The discovery of the fact that the child is endowed with an absorbent mind has brought about a revolution in education. Now it is easy to understand why the first is the most important amongst the periods of development. The creation of human character takes place within its span; and once we have understood this, it also becomes clear that we must help the child in his creative work. For there is no age in which the child is more in need of intelligent help than in this period. It is evident that if the child meets with obstacles, his creative work becomes less perfect. We do not any longer help the child because he is a small and weak being. No! We have realized that the child is endowed with great creative powers, that these great powers are delicate in their nature and can be thwarted if obstacles are placed in their path.
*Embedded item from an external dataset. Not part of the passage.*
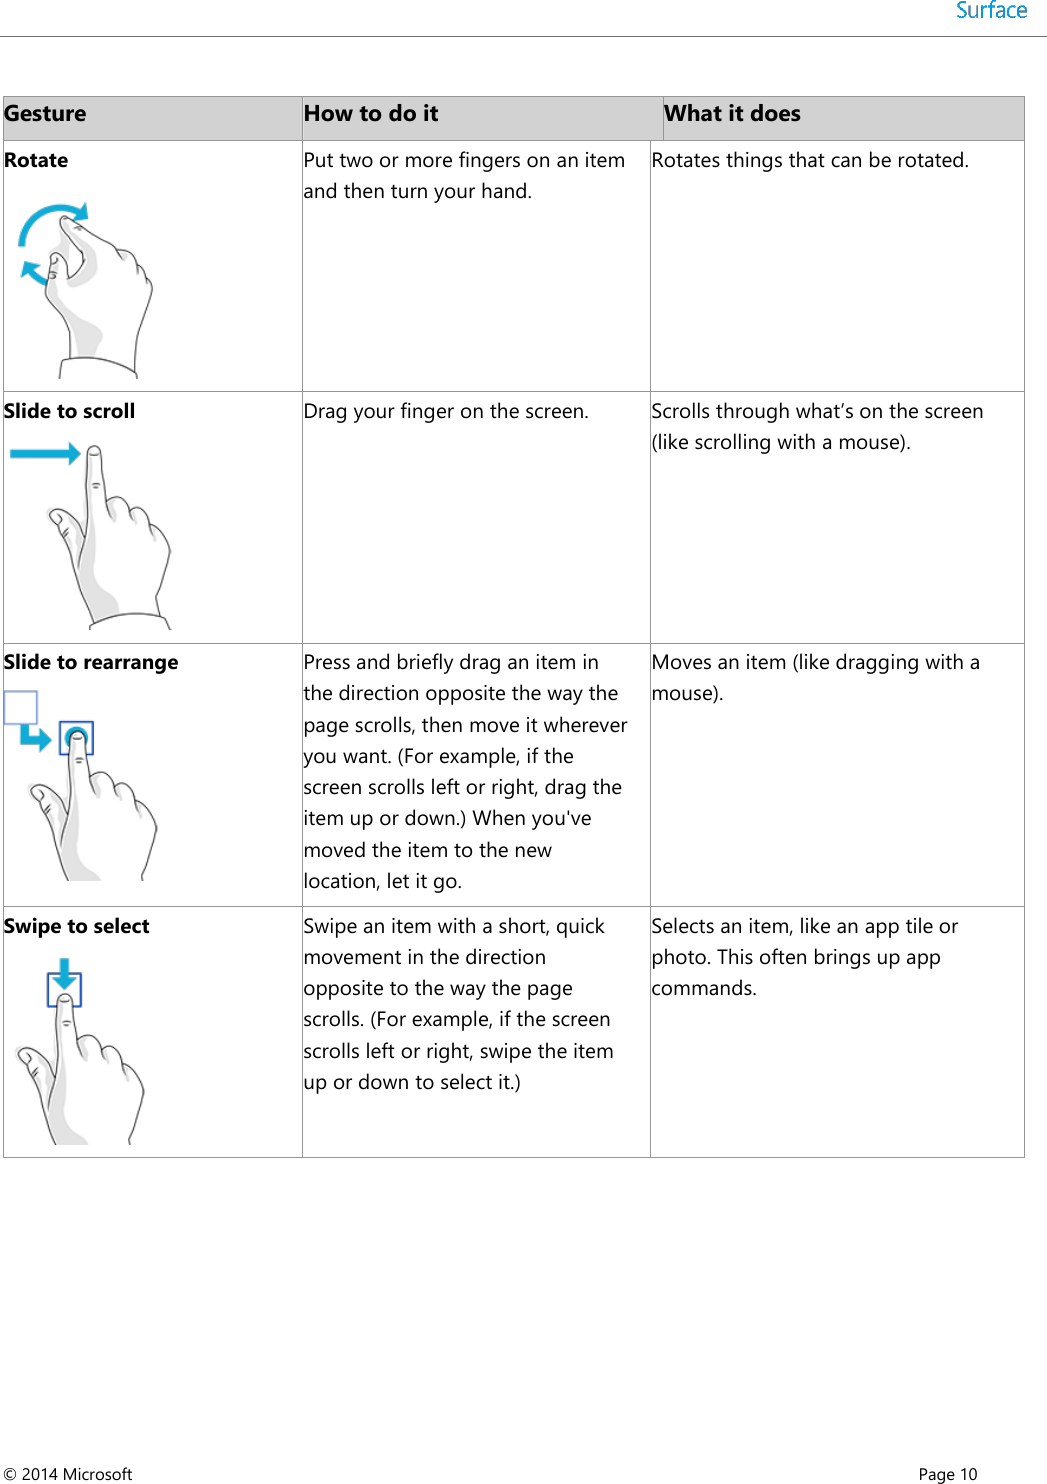  © 2014 Microsoft      Page 10  Gesture How to do it What it does Rotate  Put two or more fingers on an item and then turn your hand. Rotates things that can be rotated. Slide to scroll  Drag your finger on the screen. Scrolls through what’s on the screen (like scrolling with a mouse). Slide to rearrange  Press and briefly drag an item in the direction opposite the way the page scrolls, then move it wherever you want. (For example, if the screen scrolls left or right, drag the item up or down.) When you&apos;ve moved the item to the new location, let it go. Moves an item (like dragging with a mouse).   Swipe to select  Swipe an item with a short, quick movement in the direction opposite to the way the page scrolls. (For example, if the screen scrolls left or right, swipe the item up or down to select it.)  Selects an item, like an app tile or photo. This often brings up app commands.

It is these powers we wish to help, not the small child, not his weakness. When we understand that these powers belong to an unconscious mind which must become conscious by work and experience carried out in the environment, when we realize that the child’s mind is different from ours, that we cannot reach it and teach him things, that we cannot directly intervene in this process of passing from the unconscious to the conscious and of constructing the human faculties; then the whole conception of education will change and will become that of a help to the child’s life. Education will take the guise of an aid to the psychic development of man and not of making him memorize ideas and facts.

This is the new path of education and how to help this mind in its different processes, how to second the different powers and how to give strength to the different qualities of this mind will be the object of our study in this book.